Reading all the news about the Apple-Samsung trial verdict, it's hard not to feel like the world as we know it has just changed forever.
By now you've probably heard that a California jury came back with a sweeping win for Apple in the company's ongoing battle against Samsung. The jury found Samsung guilty of willfully infringing on Apple's patents on a massive number of counts, effectively saying it copied Apple's designs and features on dozens of mobile devices.
Money aside -- the jury said Samsung should pay $1.05 billion to Apple as a result of the finding -- the big question on everyone's mind is what this all will mean for Samsung, Android, and the larger mobile world. Countless blogs and websites are weighing in, predicting everything from the end of Samsung's sales dominance to a radical change in how manufacturers approach Android. Some are even saying the move will help Microsoft's Windows Phone get the love and attention it so desperately desires.
Here's the truth, though: The verdict may be in, but the Apple-Samsung battle is anything but over -- and at this point, no one really knows how it'll all shake out.
Apple vs. Samsung: Reading between the lines
Hey, I get it: Knee-jerk doom-and-gloom reaction is inevitable, particularly following a high-profile and emotional trial like this. But take a deep breath, folks. Let's look at this rationally.

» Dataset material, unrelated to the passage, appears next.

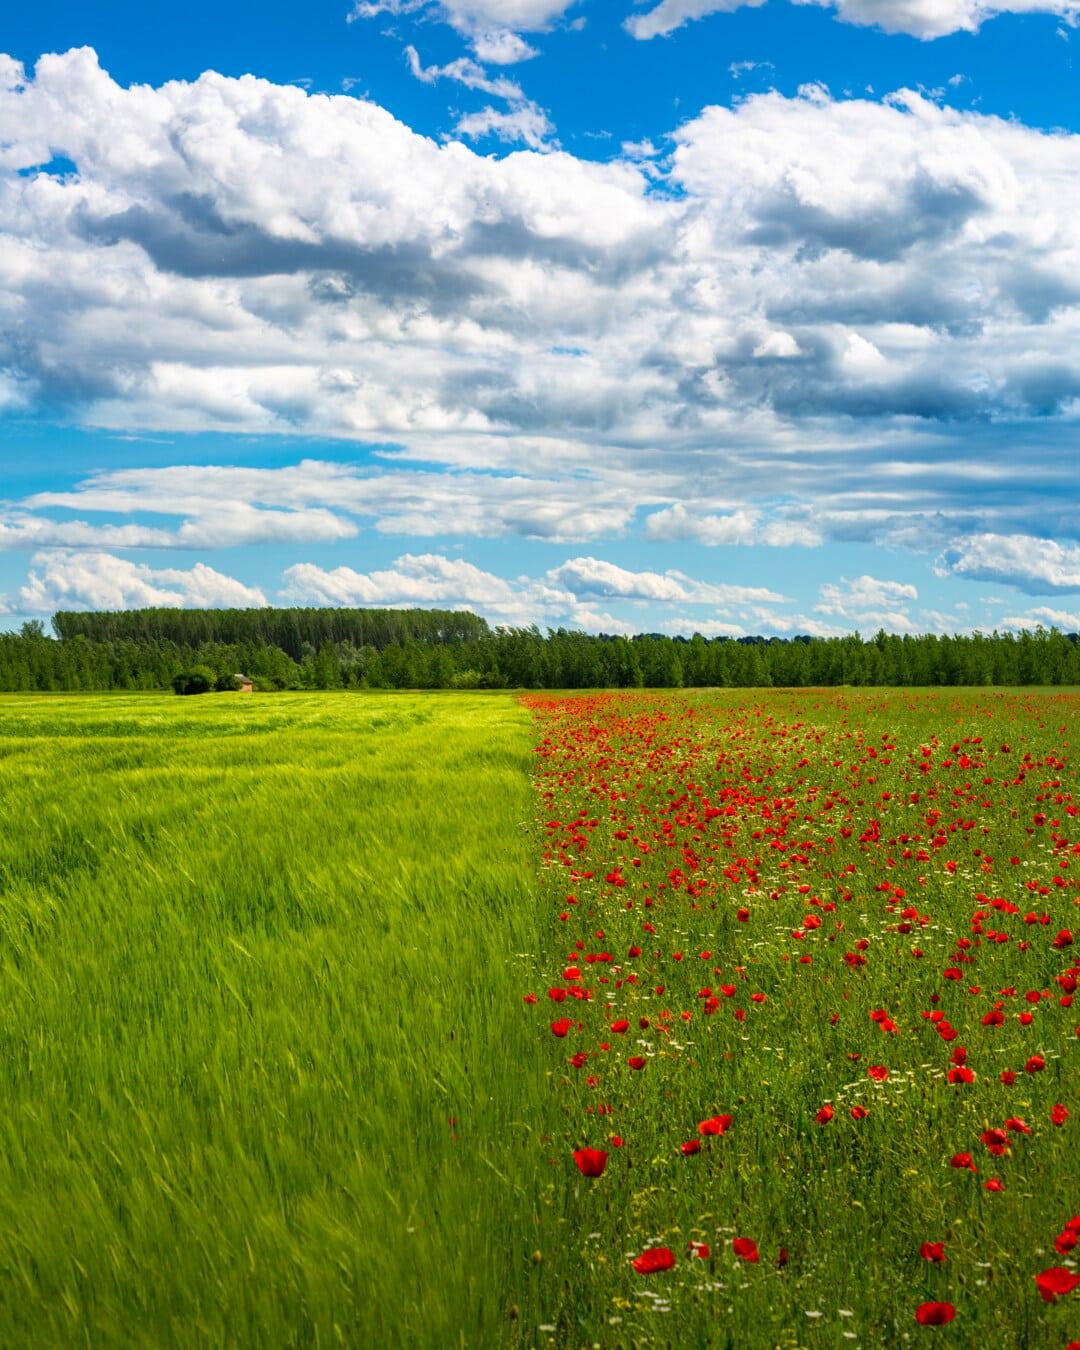 wheatfield, poppy, flowers, summer season, perspective, landscape, spring, grass, rural, field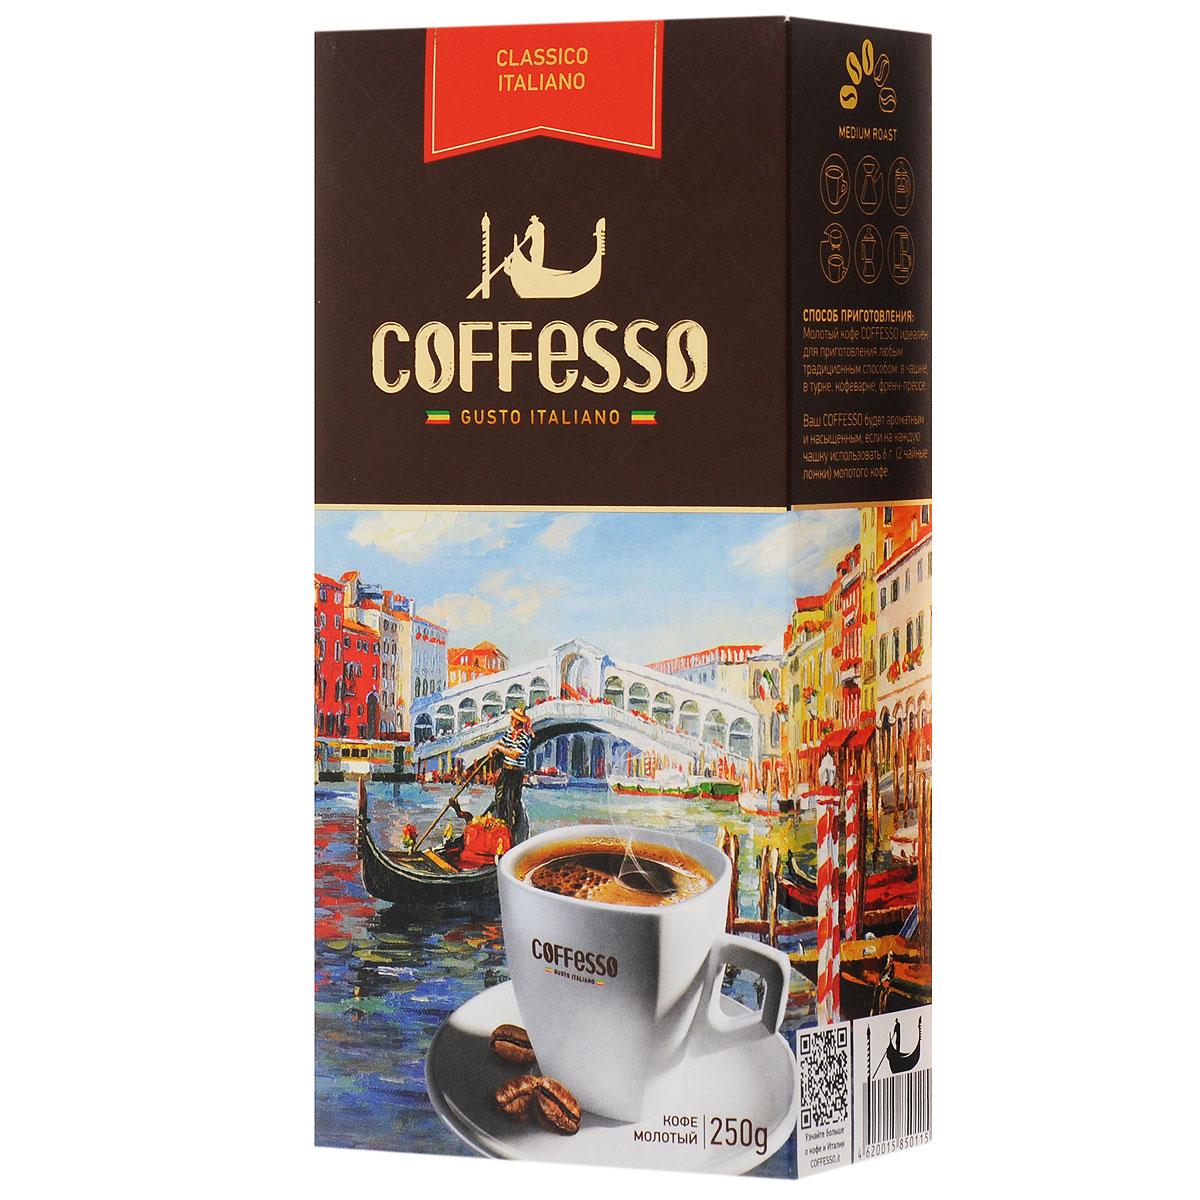 Coffesso Classico Italiano кофе молотый, 250 г

First and foremost, remember that the jury's finding is not the final word. On September 20, Apple and Samsung will come back together for a hearing at which the judge will consider the verdict and prepare to make a ruling of her own. Samsung has made it clear that it intends to appeal the verdict to this judge and -- if necessary -- beyond. The words "Supreme Court" have been uttered more than a few times, and the notion of a case like this reaching that high isn't inconceivable.
How feasible is it that the verdict could be overturned? Well, I'm certainly no lawyer -- I don't even play one on TV -- but the website Groklaw has put together a fascinating list of issues that could bring the validity of the jury's finding into question. I'd highly recommend reading through it yourself.
A few high points:
- The foreman of the Apple-Samsung jury has gone on the record as saying the jury reached its decision without following the court's instructions. He has also told reporters he wanted to "make sure the message [the jury] sent was not just a slap on the wrist" but rather "sufficiently high to be painful." That's a stark contrast to the actual court instructions, which state that the "damages award should put the patent holder in approximately the financial position it would have been in had the infringement not occurred" and that it is "meant to compensate the patent holder and not to punish an infringer."
- Another juror reportedly told the media the group decided after the first day of deliberations that it believed Samsung was in the wrong. Yes, after the first day. His description of how the jury reached its decision suggests the foreman -- who apparently holds one random patent himself -- used his own limited experience in the area to interpret the evidence for them and help the group get through the questions the way he saw fit.